HISTORY OF CAMEROON-YMCA


The Young Men’s Christian Association / Union Chrétienne de Jeunes Gens (UCJG/YMCA) is a worldwide, Christian, ecumenical, lay and voluntary movement, open to women and men, but especially to young people who seek to share the Christian ideal of building a human community of justice, love, peace and reconciliation for the fullness of life for all creation.

The YMCA/YMCA arrived in Cameroon in the 1920s and the very first group was affiliated with the Alliance Française des UCJG in 1924. It was only in 1951 that a National Alliance was created in Cameroon, called the “Alliance of Young People’s Christian Unions of Cameroon”. She was later co-founder of the African YMCA/YMCA YMCA Alliance in 1977.
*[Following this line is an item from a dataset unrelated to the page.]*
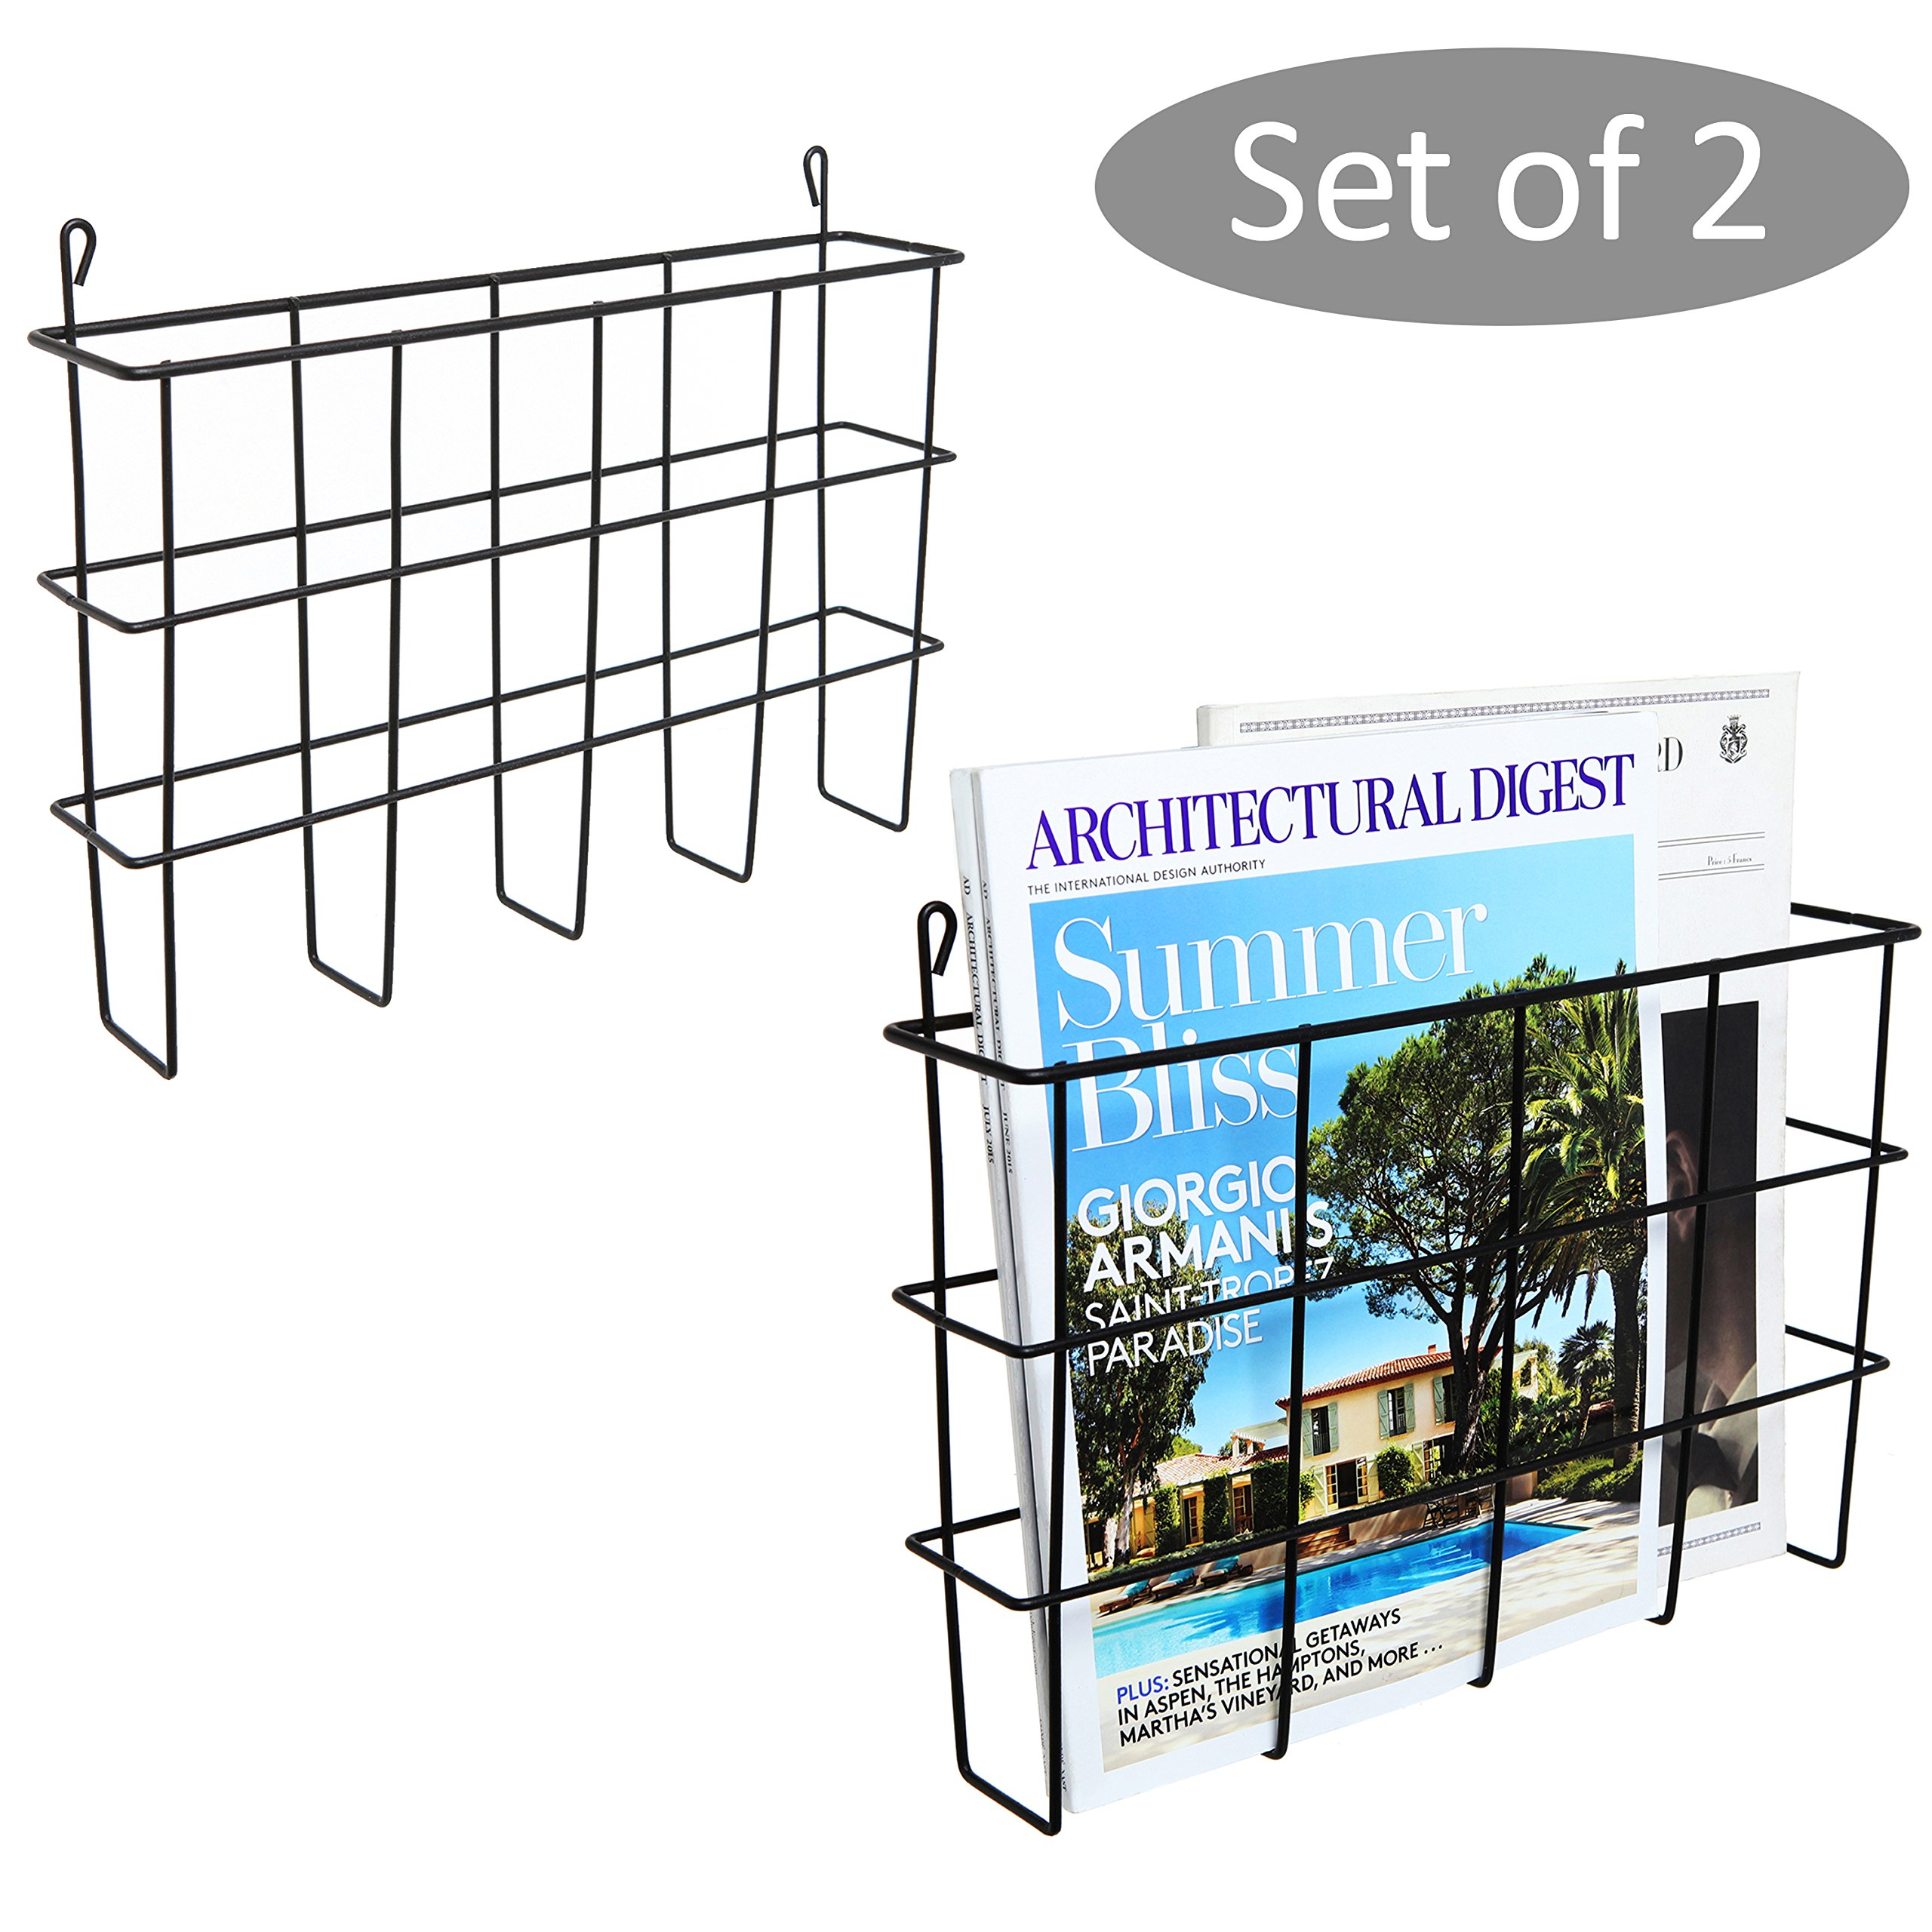 Set of 2 Black Metal Wire Wall Mounted Magazine Holders, File Folder Racks

Today Cameroon-YMCA is present in all 10 regions of the country and consists of 9 branches and 70 local unions with more than 1,600 regularly registered members and more than 10,000 supporters.

Cameroon-YMCA adheres to the common Vision and Mission of the YMCA/YMCAs consecrated in the BASE DE PARIS, adopted in August 1855, which states that: “The purpose of the Young People’s Christian Unions is to unite young people who, accepting Jesus Christ as their Savior and Lord, according to the Holy Scriptures, want to be his disciples in their faith and in their lives and work together to extend among the young, the kingdom of their Master. No divergence of opinion, however serious it may be, but relating to a subject foreign to the previously established purpose, shall disturb harmony in fraternal relations between the member movements of the Universal Alliance.

It also adheres to all other subsequent texts of the Global Alliance and the African Alliance, including the 1998 Challenge 21 and the 2007 Accra Declaration.